►

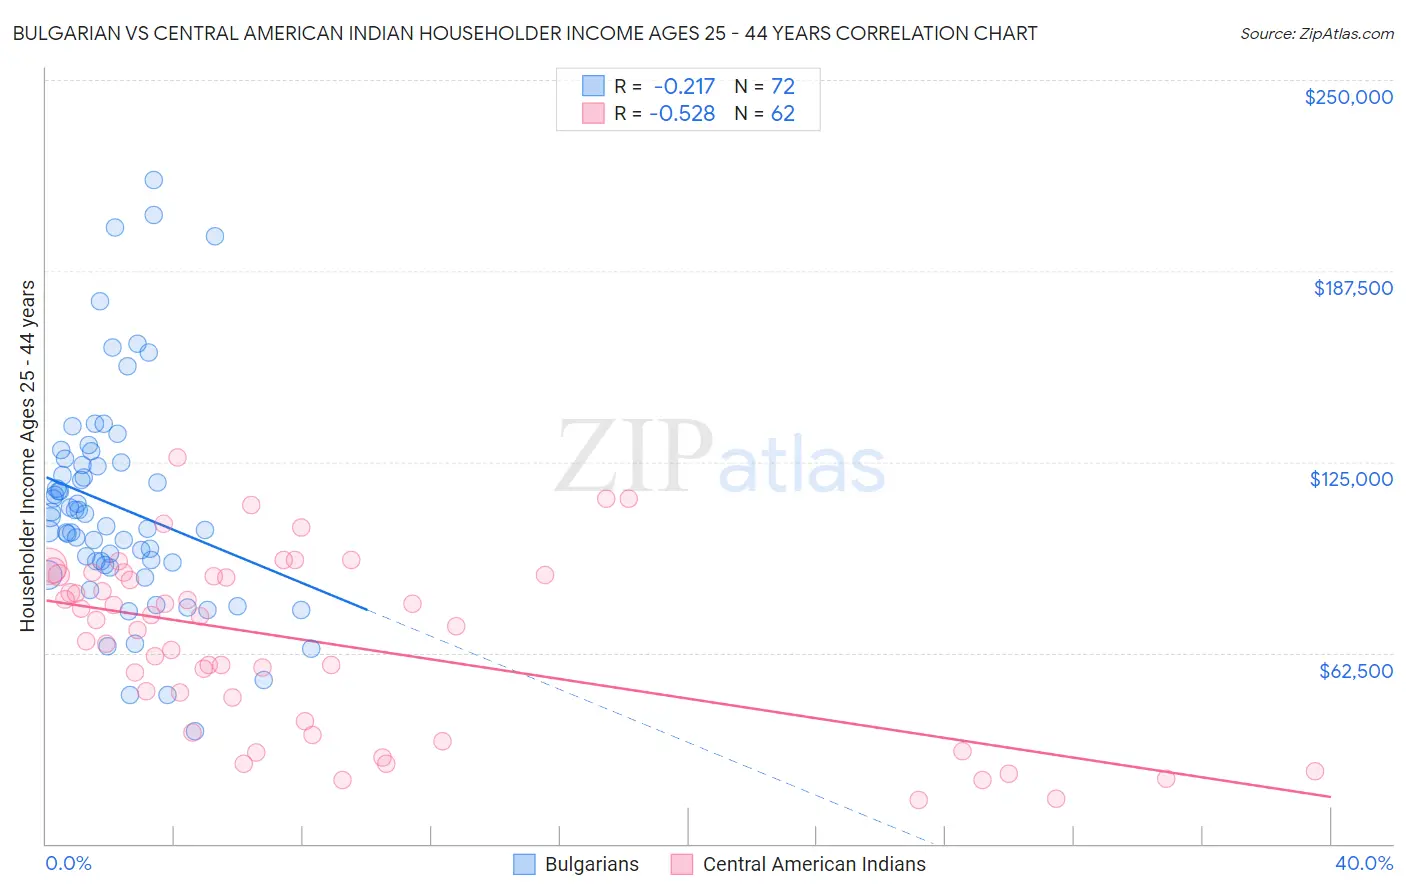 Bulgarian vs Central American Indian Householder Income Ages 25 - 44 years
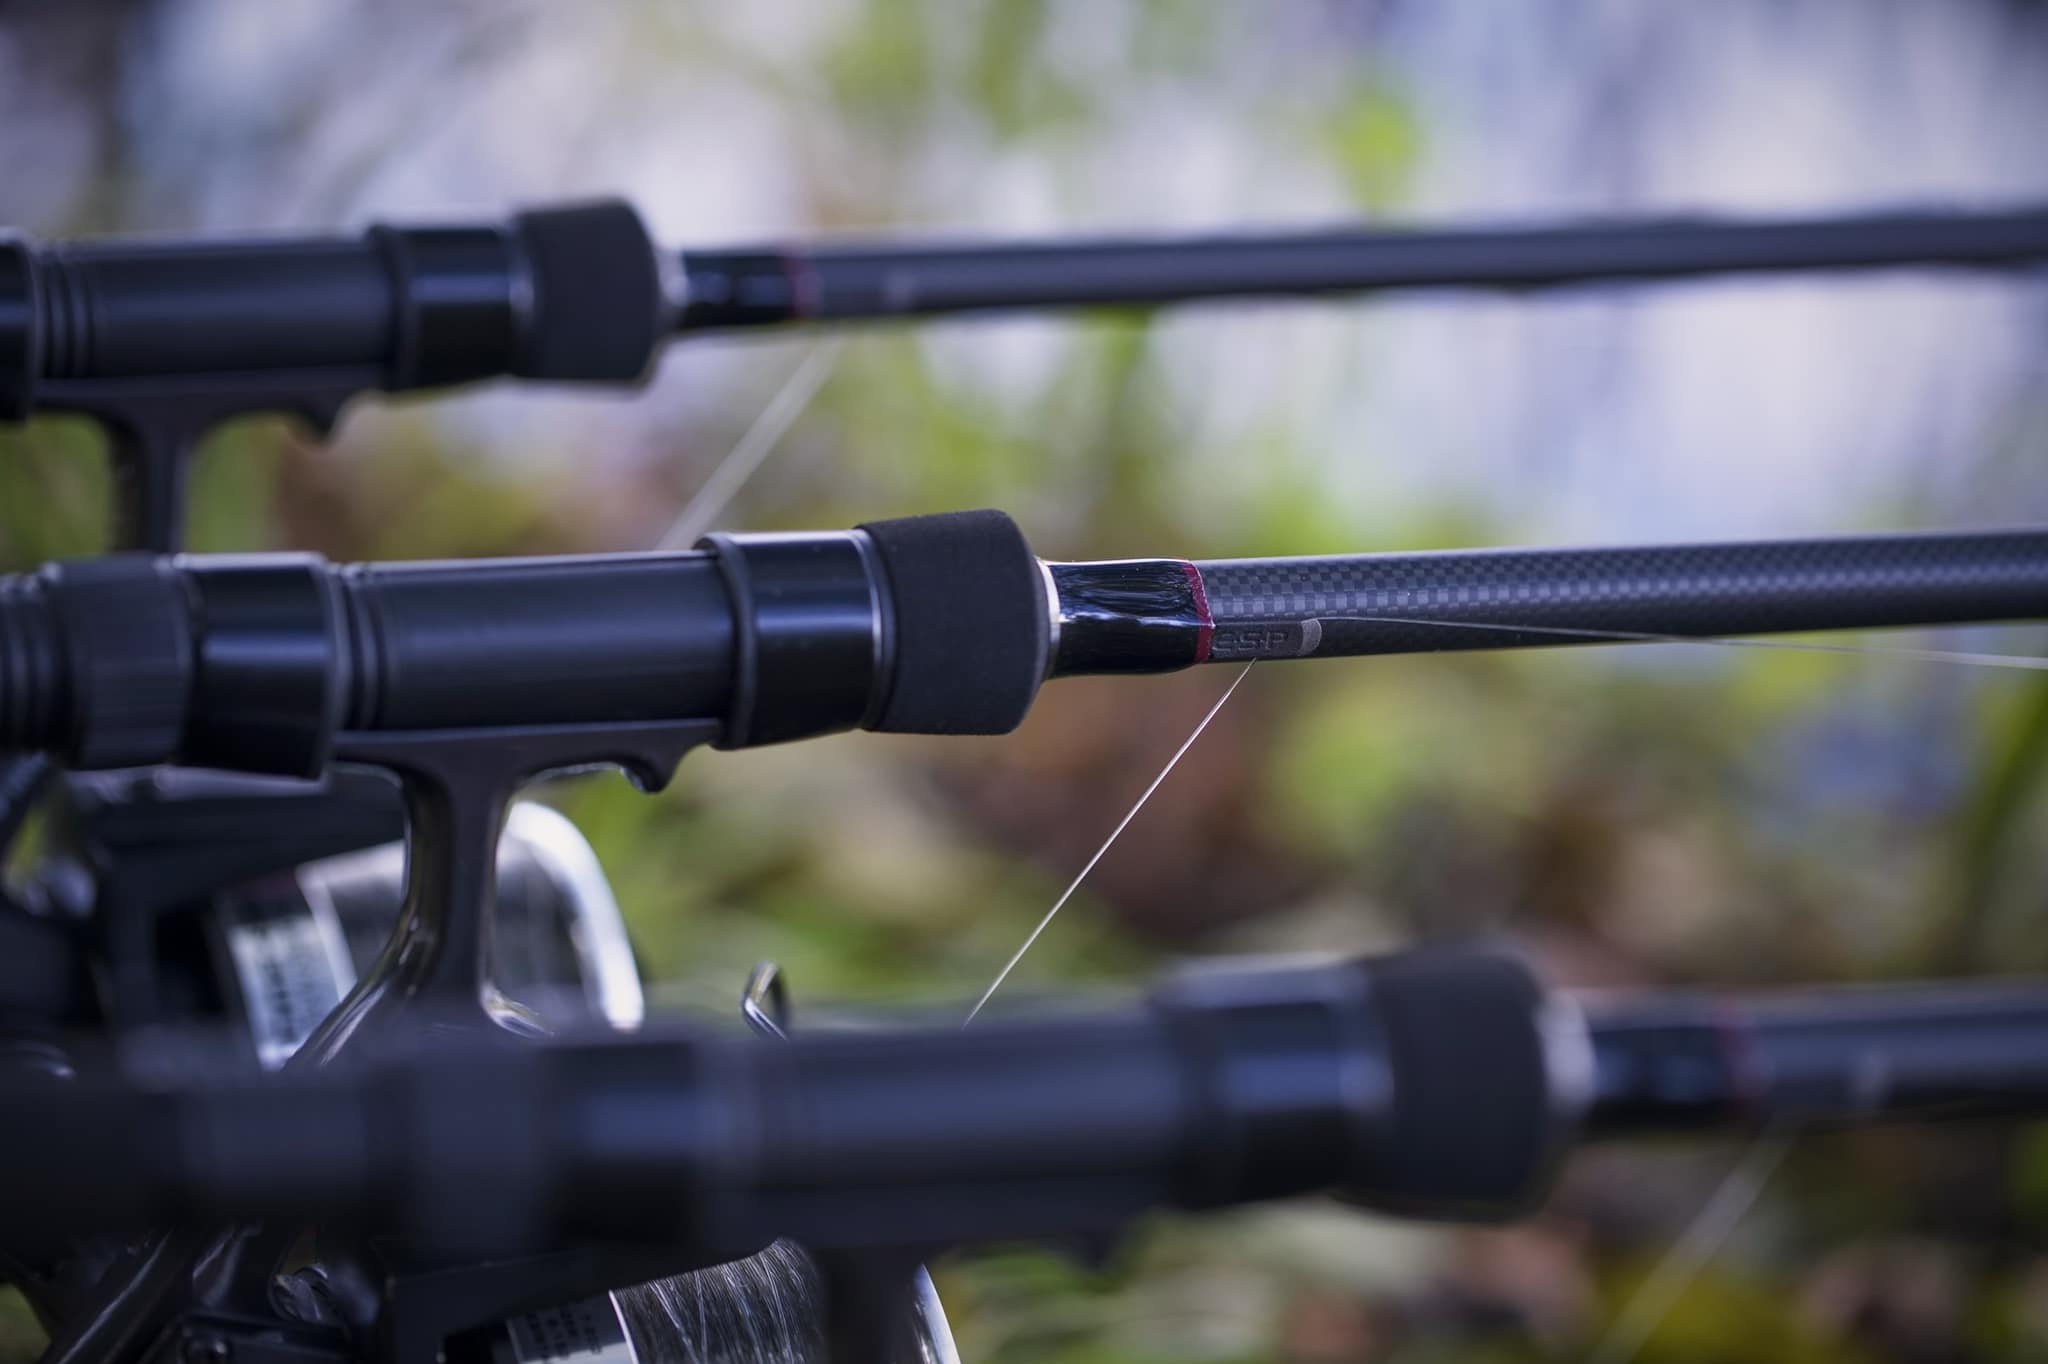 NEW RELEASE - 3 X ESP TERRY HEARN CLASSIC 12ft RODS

◄
►

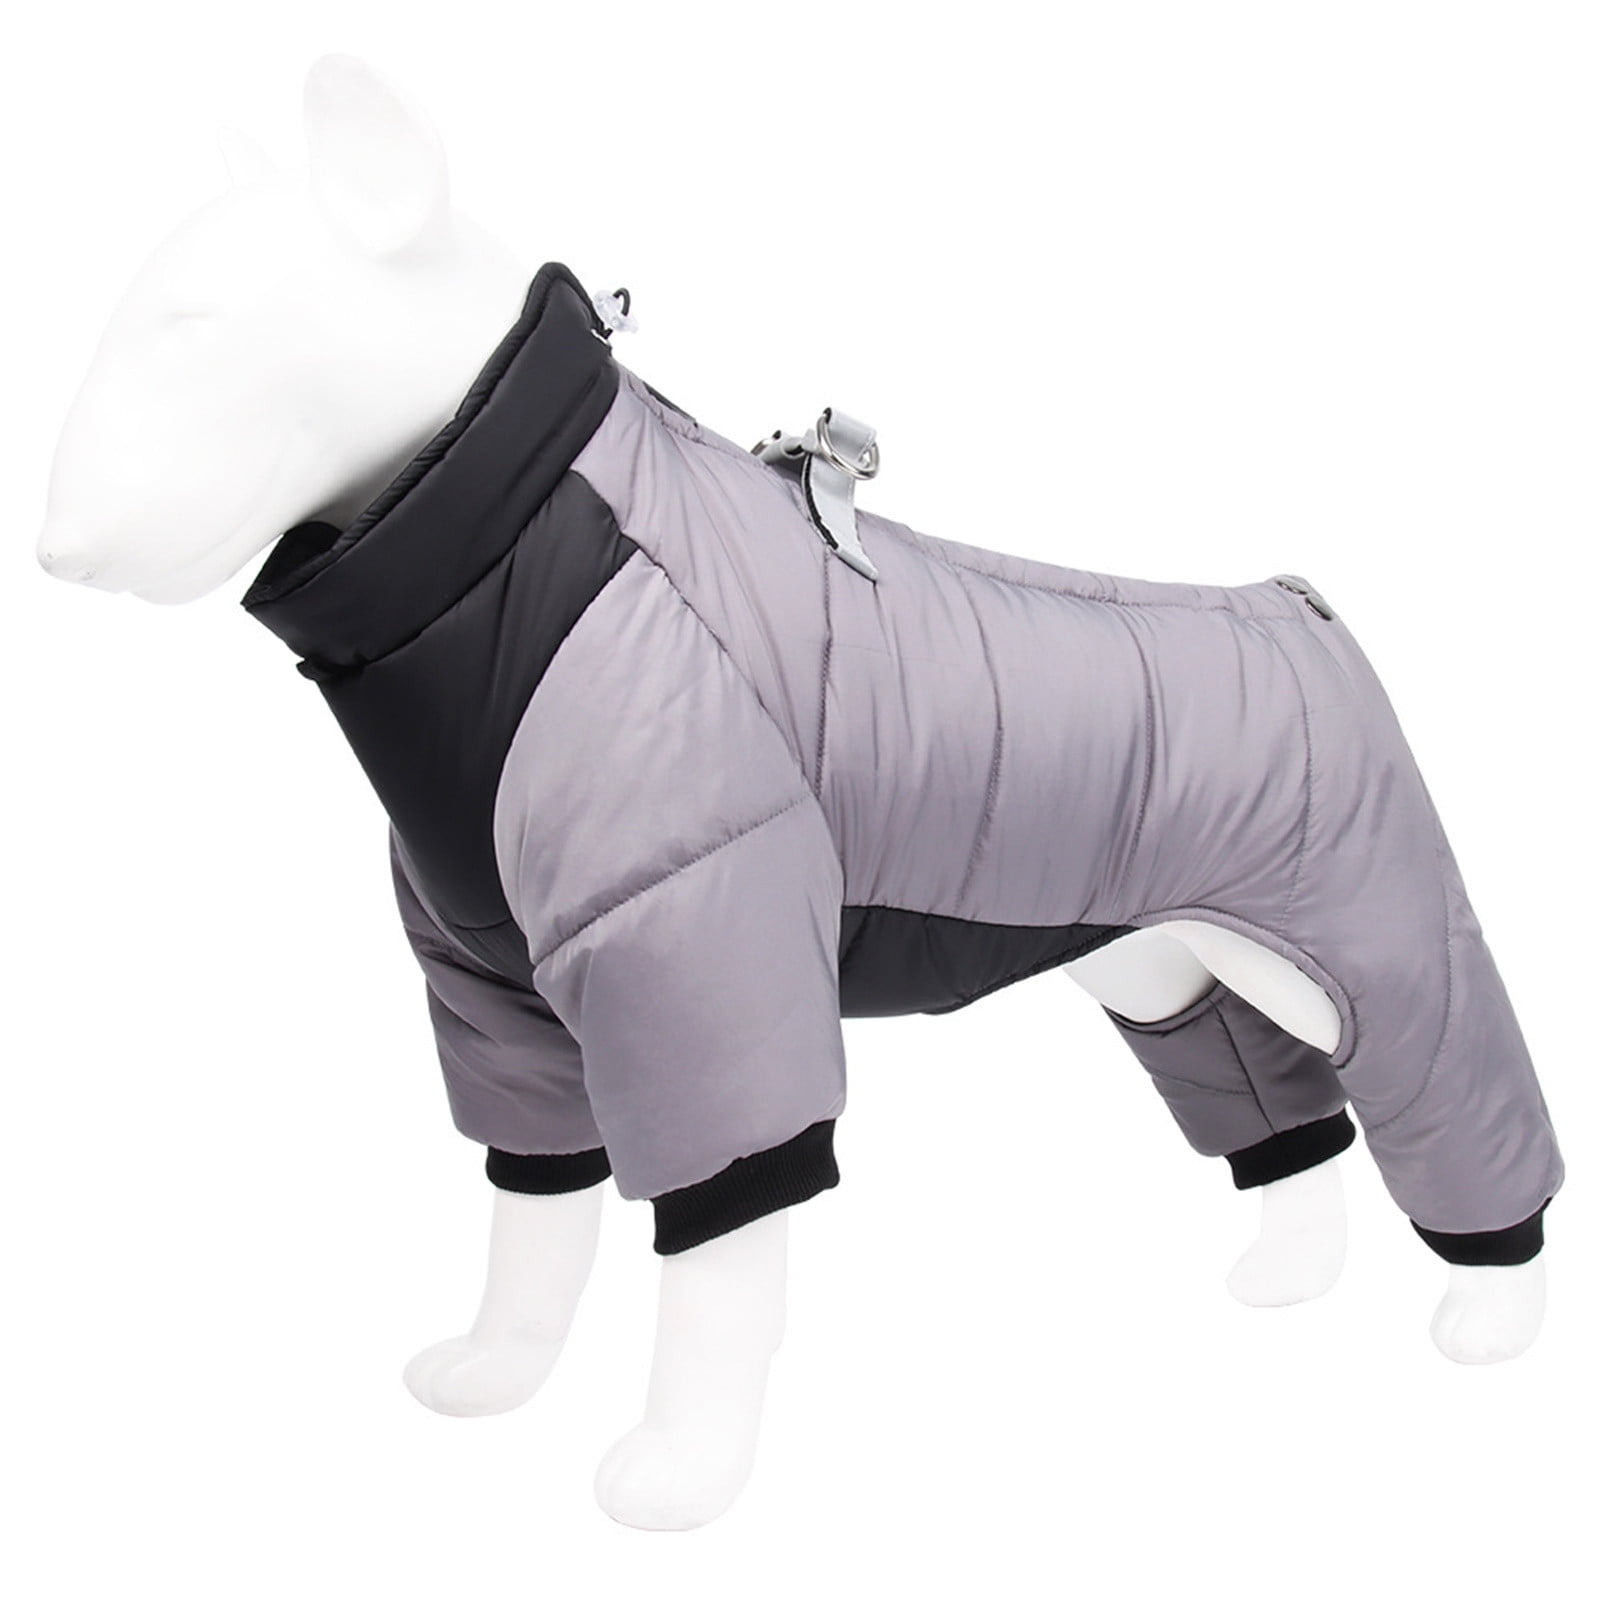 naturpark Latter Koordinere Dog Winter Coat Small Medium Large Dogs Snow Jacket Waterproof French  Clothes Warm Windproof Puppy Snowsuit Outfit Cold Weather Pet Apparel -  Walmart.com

◄
►

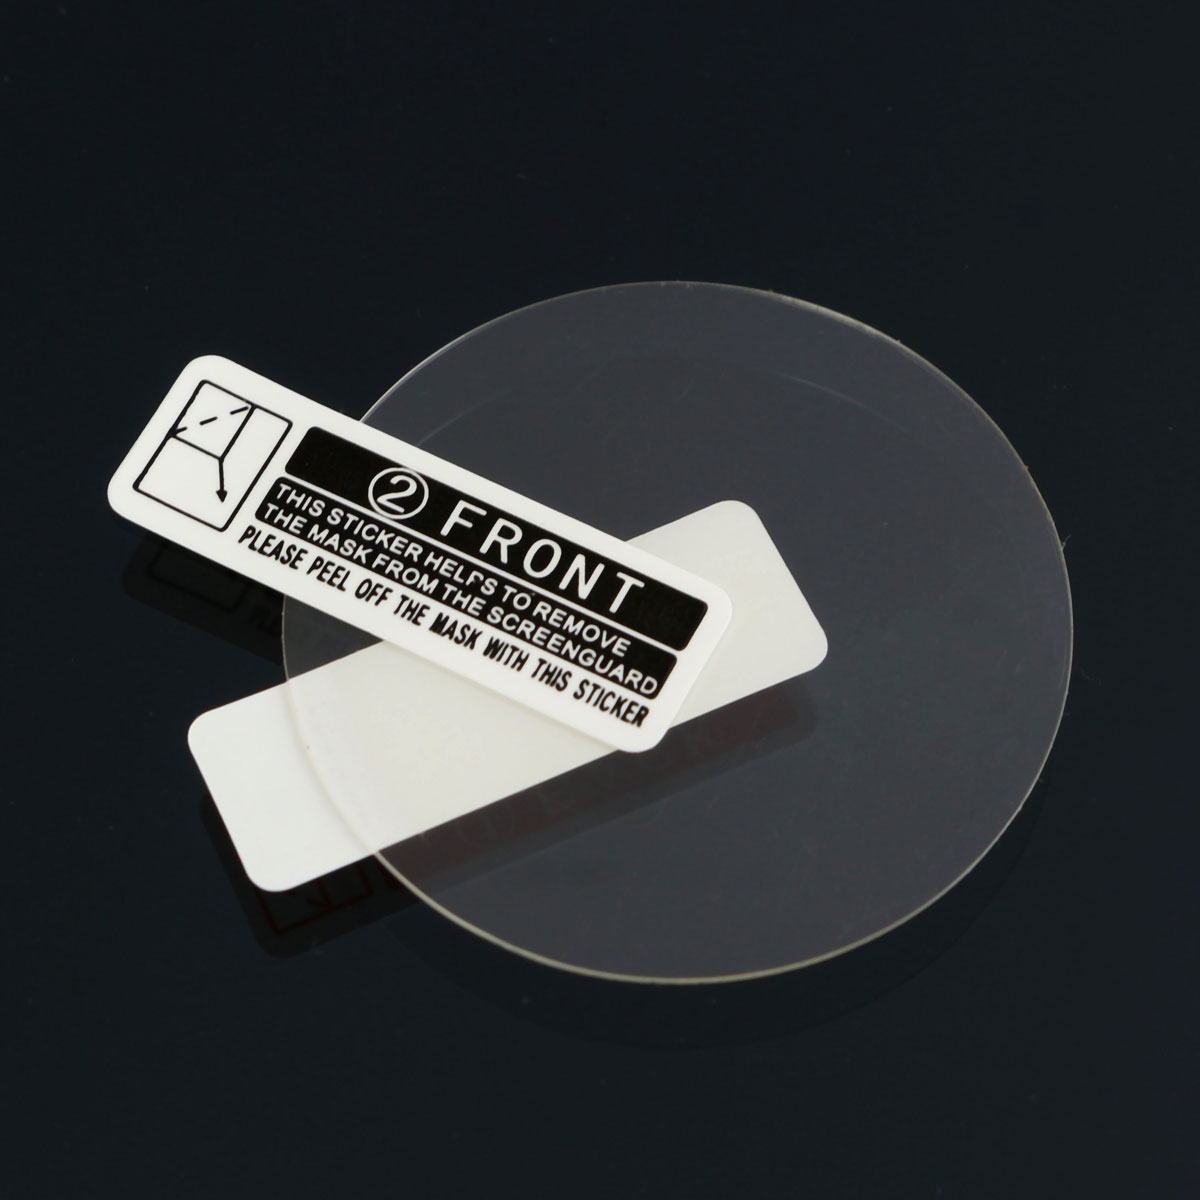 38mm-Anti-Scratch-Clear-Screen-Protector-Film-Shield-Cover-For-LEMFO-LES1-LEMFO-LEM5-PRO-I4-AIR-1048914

◄

> _EXERCISE_
With the pictures removed from your copy, retype the lines above from the one that contains "Bulgarian vs Central" through the one that contains "NEW RELEASE - 3", exactly.

> _RESPONSE BOX_
 Bulgarian vs Central American Indian Householder Income Ages 25 - 44 years
 NEW RELEASE - 3 X ESP TERRY HEARN CLASSIC 12ft RODS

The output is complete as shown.